Das starke Feld weckt Hoffnungen auf einen Streckenrekord. Diesen hält Kenias Superstar Eliud Kipchoge, der 2013 sein Marathon-Debüt in Hamburg mit 2:05:30 Stunden gewonnen hatte. Zurzeit sind die Wettervorhersagen günstig. Doch das kann sich in Hamburg schnell ändern. „Ich rede nicht mehr über das Wetter – keiner hatte für heute Hagelschauer vorhergesagt“, sagte Cheforganisator Frank Thaleiser während der Pressekonferenz.
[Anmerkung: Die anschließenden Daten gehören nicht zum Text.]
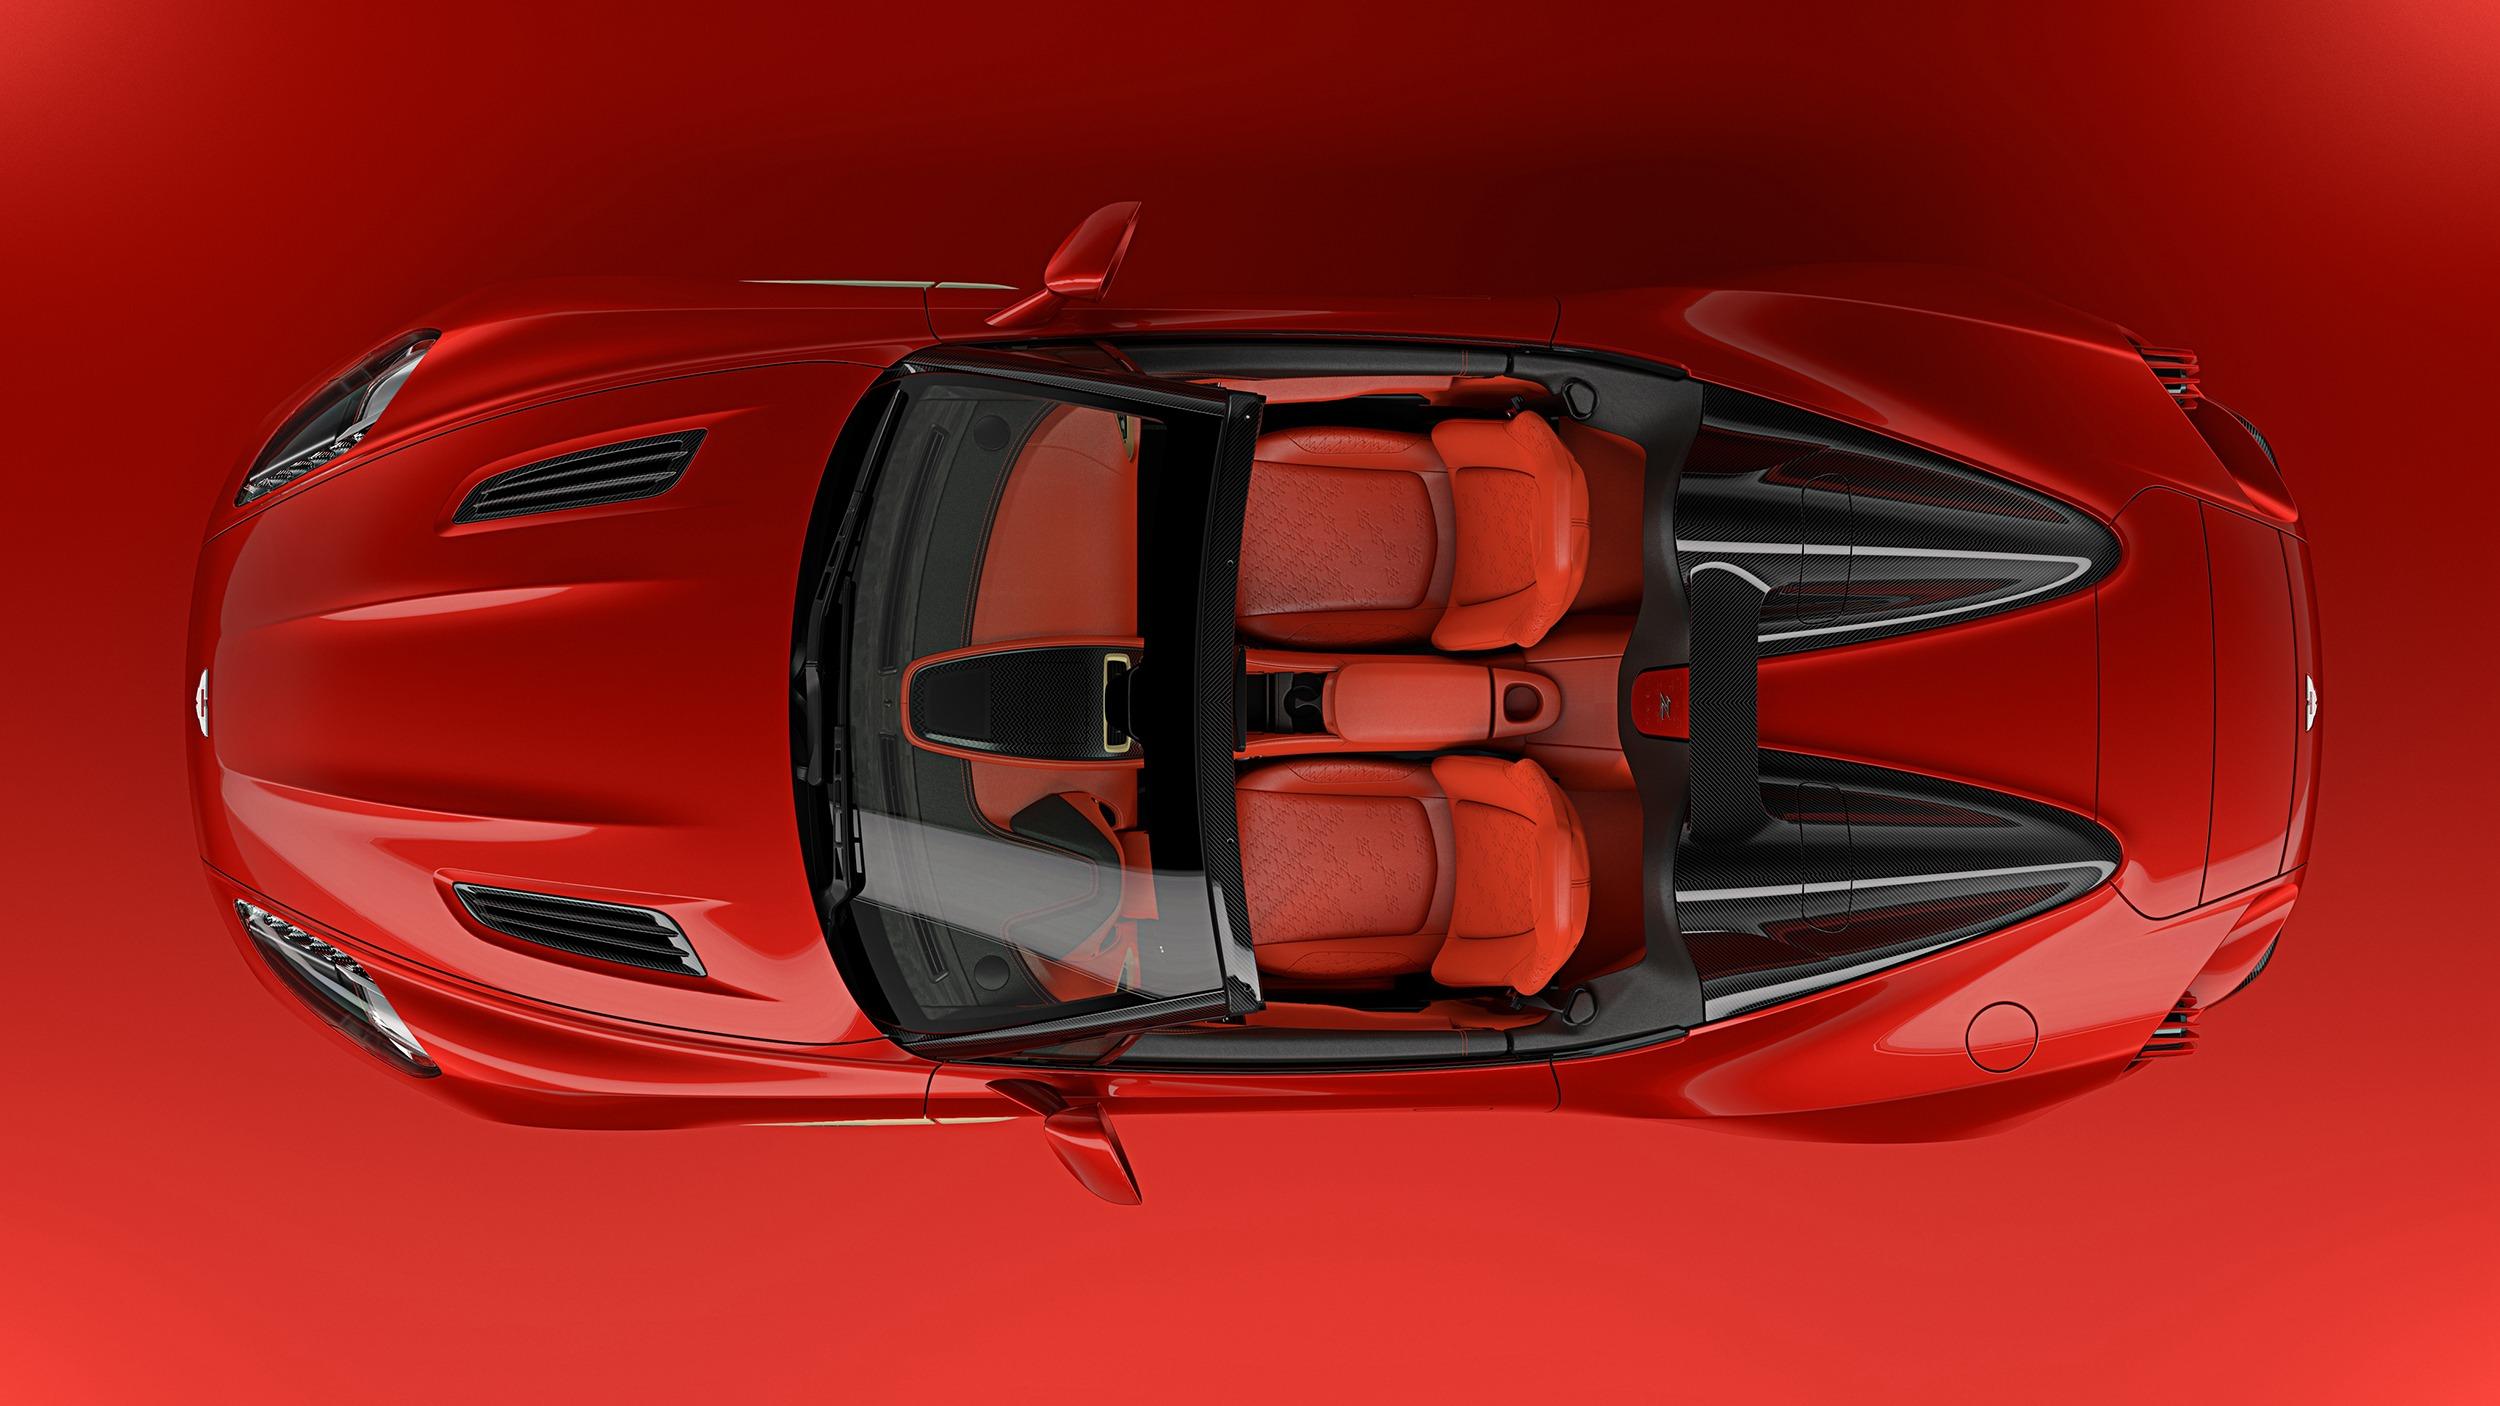 2017-Zagato-Aston-Martin-Vanquish-Speedster-06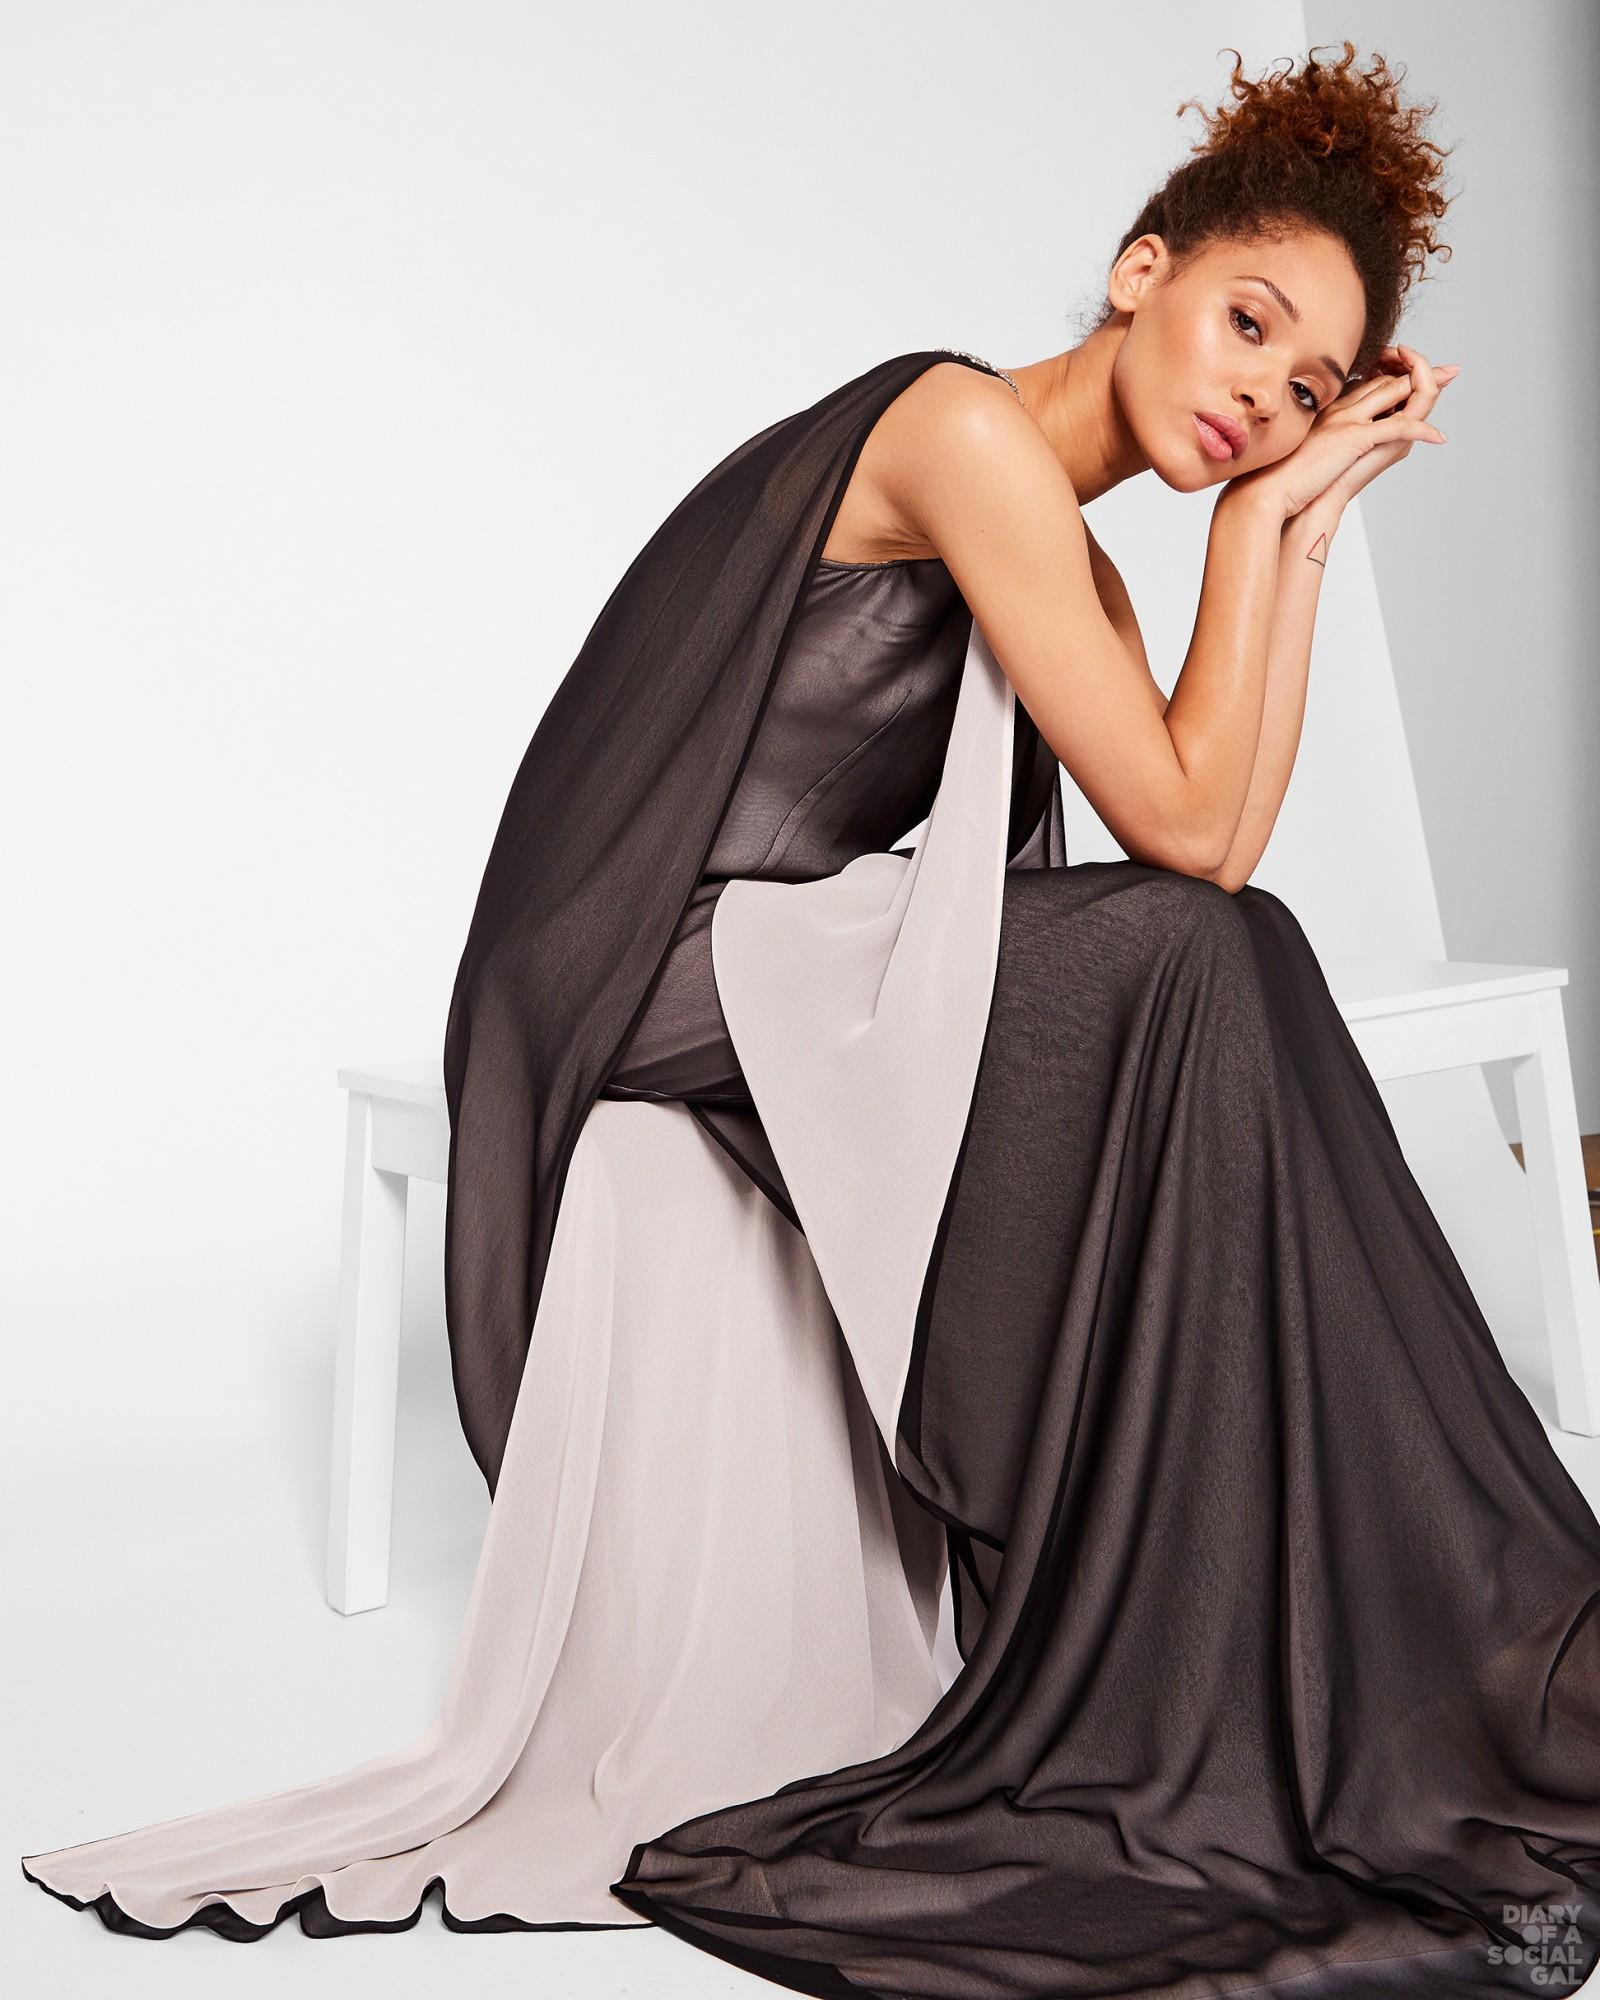 uk-Womens-Clothing-Dresses-ISHANI-Embellished-two-tone-maxi-dress-Black-WA7W_ISHANI_BLACK_1.jpg

Rahmenwettbewerbe hinzugerechnet, verzeichneten die Veranstalter eine Meldezahl von insgesamt 33,183 Athleten. 14.250 von ihnen werden über die 42,195 km-Distanz antreten. Ein deutscher Top-Marathonläufer wird beim Haspa Marathon Hamburg an den Start gehen: Philipp Pflieger (LG Telis Finanz Regensburg) will am Sonntag die Norm für die Europameisterschaften von 2:14:00 Stunden unterbieten.

Am Donnerstag standen in Hamburg bei der Pressekonferenz zunächst jedoch die internationalen Stars im Mittelpunkt. „In den letzten Jahren waren meine Leistungen nicht mehr so gut. Das lag auch an Magenproblemen, die aber jetzt behoben sind“, sagte Emmanuel Mutai, der zuletzt 2015 eine Zeit unter 2:10 Stunden erreichte. Damals war er Vierter in Berlin mit 2:07:46. „Am Sonntag will ich wieder eine gute Leistung zeigen. Alle wollen natürlich gewinnen. Wenn ich es nicht schaffe, dann will ich wenigstens eine Top-Drei-Platzierung erreichen“, sagte Emmanuel Mutai. „Ich denke, dass es für einen von uns möglich ist, den Streckenrekord zu brechen, sofern die Wetterbedingungen gut sind.“ Die Organisatoren werden die Tempomacher der ersten Gruppe entsprechend auf Streckenrekord-Zwischenzeiten einstellen.

„Wenn die Wetterbedingungen gut sind, dann werde ich versuchen, das Tempo an der Spitze mitzugehen“, sagte Olympiasieger Stephen Kiprotich, der 2013 zudem auch den WM-Titel gewann. Bisher steht seine Bestzeit bei 2:06:33 Stunden.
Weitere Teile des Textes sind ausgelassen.